Pertanyaan itu dilontarkan Gempar hampir 3 kali. Ibunya tetap bungkam. Hingga akhirnya habis makan malam, sang ibu memanggil anaknya ke beranda depan. Di sanalah ibunya langsung bicara: “Kamu adalah anak Bung Karno.”
Spontan Gempar mencubiti tangan, pipi dan bagian lain badannya untuk memastikan ia dalam keadaan sadar, tidak bermimpi.” Saya goyang-goyang tubuh Mami, memastikan Mami dalam keadaan sadar,” ungkap Gempar. “Mami sadar,” ujar ibunya sambil membuka dokumen asli pernikahannya dengan Bung Karno yang disimpannya dalam sebuah kopor besi selama puluhan tahun.
Peristiwa ini membuat Gempar tak bisa tidur semalaman. Pikirannya menerawang, “Apakah benar saya anak Bung Karno ?” tanyanya. Sejak itulah ia menelusuri kebenaran nya dengan bertanya kepada orang-orang tua di sekitar tempat tinggal keluarganya di Manado. Hampir semuanya membenarkan. Ketika dia tanya kepada ibunya kenapa tidak diberi tahu dari dulu ?

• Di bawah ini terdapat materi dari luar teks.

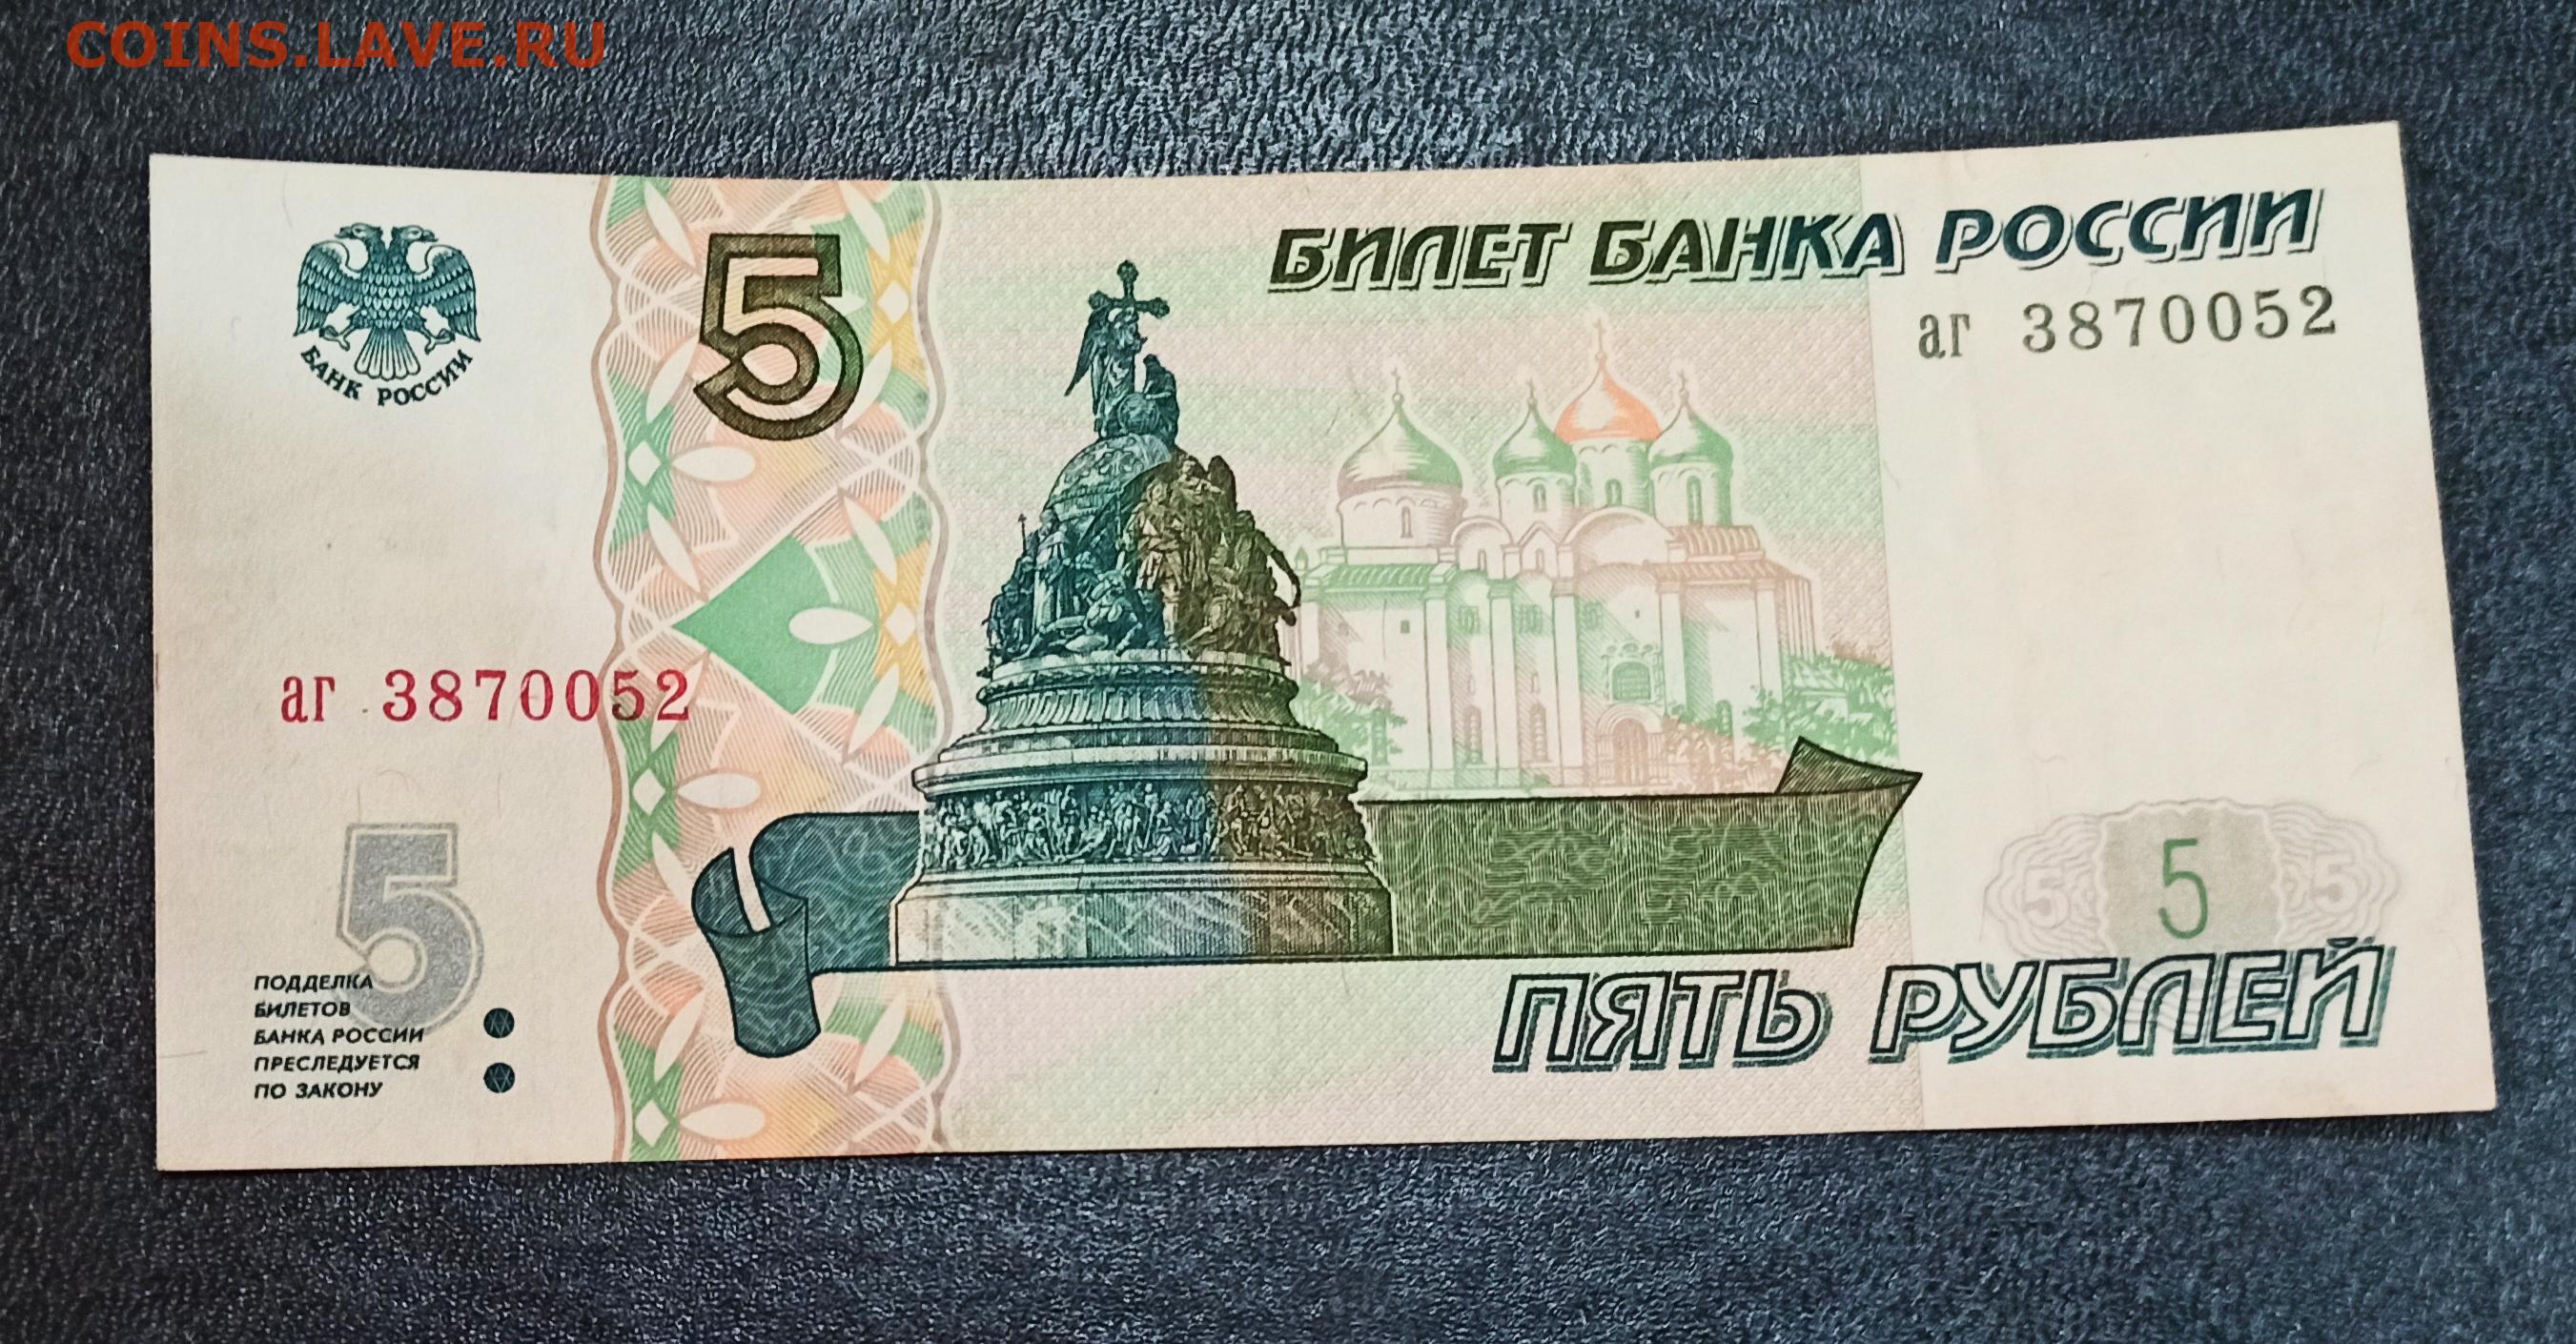 5 Рублей 1998 бумажные. Российские 5 рублей бумажные. Банкнота 5 рублей. Пять рублей купюра. Российские рубли 1997 года

Sang ibu menjawab, “Kalau Mami buka cerita ini sejak dulu, apakah kamu akan berumur panjang ? Amanat Bapakmu, anak siapa kamu sebenarnya, akan diberitahu, kalau kamu sudah berumur 40 tahun atau kamu sudah matang dalam politik. Kinilah saatnya hal ini Mami buka,” ujar sang ibu  sambil membuka selembar surat dengan tulisan tangan Bung Karno, yang memberi nama anaknya: Muhammad Fatahillah Gempar Soekarno Putra.
Sepulangnya ke Jakarta, Gempar langsung ke makam ayahnya di Blitar, Jawa Timur. Seperti mendapat bimbingan batin, dari Blitar, Gempar Ke Yogyakarta, tepatnya ke pemakaman para Sultan di Imogiri. Di sinilah dia mendengar bisikan gaib yang dia sendiri tidak tahu sumbernya dari mana, membuat dia begitu merinding. “Sebagai Satrio Piningit, kamu harus berlaku adil terhadap rakyat,” tutur Gempar mengingat peristiwa itu.
Atas bimbingan seorang kiyai, di sanalah Gempar mengucapkan dua kalimah syahadat, yang artinya, dia resmi memeluk agama Islam. Hal itu segera dia laporkan pada ibunya di Manado. “Mami ikhlas dan merestui saya jadi Muslim. Bahkan menasehati, agar saya menjadi Muslim yang baik, sebagaimana amanat Bapak,” ucap Gempar.